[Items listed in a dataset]
————

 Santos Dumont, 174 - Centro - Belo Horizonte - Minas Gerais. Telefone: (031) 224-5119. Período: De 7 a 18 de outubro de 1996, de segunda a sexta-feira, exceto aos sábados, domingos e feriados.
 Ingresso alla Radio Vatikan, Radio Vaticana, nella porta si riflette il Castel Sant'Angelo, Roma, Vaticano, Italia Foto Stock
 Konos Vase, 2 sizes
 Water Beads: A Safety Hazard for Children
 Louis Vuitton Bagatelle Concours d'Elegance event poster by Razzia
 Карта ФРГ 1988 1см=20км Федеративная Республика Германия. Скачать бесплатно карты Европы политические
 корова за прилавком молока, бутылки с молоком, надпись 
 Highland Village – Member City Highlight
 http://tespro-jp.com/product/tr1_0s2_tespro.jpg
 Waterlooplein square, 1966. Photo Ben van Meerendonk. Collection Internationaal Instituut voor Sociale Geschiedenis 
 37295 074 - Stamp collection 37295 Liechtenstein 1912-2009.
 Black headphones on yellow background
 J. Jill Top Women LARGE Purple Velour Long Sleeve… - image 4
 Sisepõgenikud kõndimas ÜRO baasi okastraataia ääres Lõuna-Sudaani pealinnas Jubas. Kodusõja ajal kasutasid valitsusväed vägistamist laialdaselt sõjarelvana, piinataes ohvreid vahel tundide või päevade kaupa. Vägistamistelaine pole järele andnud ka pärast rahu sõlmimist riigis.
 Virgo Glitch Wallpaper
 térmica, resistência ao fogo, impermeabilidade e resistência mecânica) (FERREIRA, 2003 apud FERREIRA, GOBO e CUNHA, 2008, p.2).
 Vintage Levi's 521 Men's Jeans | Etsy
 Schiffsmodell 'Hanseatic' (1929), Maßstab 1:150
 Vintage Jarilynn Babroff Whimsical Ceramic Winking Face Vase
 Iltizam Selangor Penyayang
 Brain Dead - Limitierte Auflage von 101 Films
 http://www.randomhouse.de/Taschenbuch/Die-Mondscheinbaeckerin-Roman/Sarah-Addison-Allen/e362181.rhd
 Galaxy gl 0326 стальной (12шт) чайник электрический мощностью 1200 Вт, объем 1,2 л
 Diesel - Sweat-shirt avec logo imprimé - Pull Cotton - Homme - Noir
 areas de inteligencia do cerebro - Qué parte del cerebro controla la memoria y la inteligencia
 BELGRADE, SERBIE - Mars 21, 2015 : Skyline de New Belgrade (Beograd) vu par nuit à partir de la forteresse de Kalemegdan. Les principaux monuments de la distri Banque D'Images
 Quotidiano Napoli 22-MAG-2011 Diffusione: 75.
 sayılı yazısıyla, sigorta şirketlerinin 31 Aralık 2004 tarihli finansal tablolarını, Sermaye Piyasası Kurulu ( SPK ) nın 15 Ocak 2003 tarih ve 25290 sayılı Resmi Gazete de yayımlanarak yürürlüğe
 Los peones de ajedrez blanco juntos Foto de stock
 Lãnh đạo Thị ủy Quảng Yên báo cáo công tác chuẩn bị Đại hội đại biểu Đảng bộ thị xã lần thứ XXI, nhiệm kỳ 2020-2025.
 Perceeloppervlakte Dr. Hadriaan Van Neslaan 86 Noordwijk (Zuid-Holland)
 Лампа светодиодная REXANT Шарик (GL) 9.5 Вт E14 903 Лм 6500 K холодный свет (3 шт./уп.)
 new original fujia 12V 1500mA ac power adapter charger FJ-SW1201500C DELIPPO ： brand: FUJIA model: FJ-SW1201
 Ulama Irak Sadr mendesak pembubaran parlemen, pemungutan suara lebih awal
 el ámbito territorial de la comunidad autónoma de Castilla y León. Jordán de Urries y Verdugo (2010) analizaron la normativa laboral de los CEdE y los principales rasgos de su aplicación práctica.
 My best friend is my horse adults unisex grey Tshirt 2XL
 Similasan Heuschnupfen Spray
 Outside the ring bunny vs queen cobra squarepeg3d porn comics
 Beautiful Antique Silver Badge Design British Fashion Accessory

————

:: EXERCISE ::
Lines from the entries that contain the word "Vintage" are what the answer must hold.

:: SOLUTION ::
 Vintage Levi's 521 Men's Jeans | Etsy
 Vintage Jarilynn Babroff Whimsical Ceramic Winking Face Vase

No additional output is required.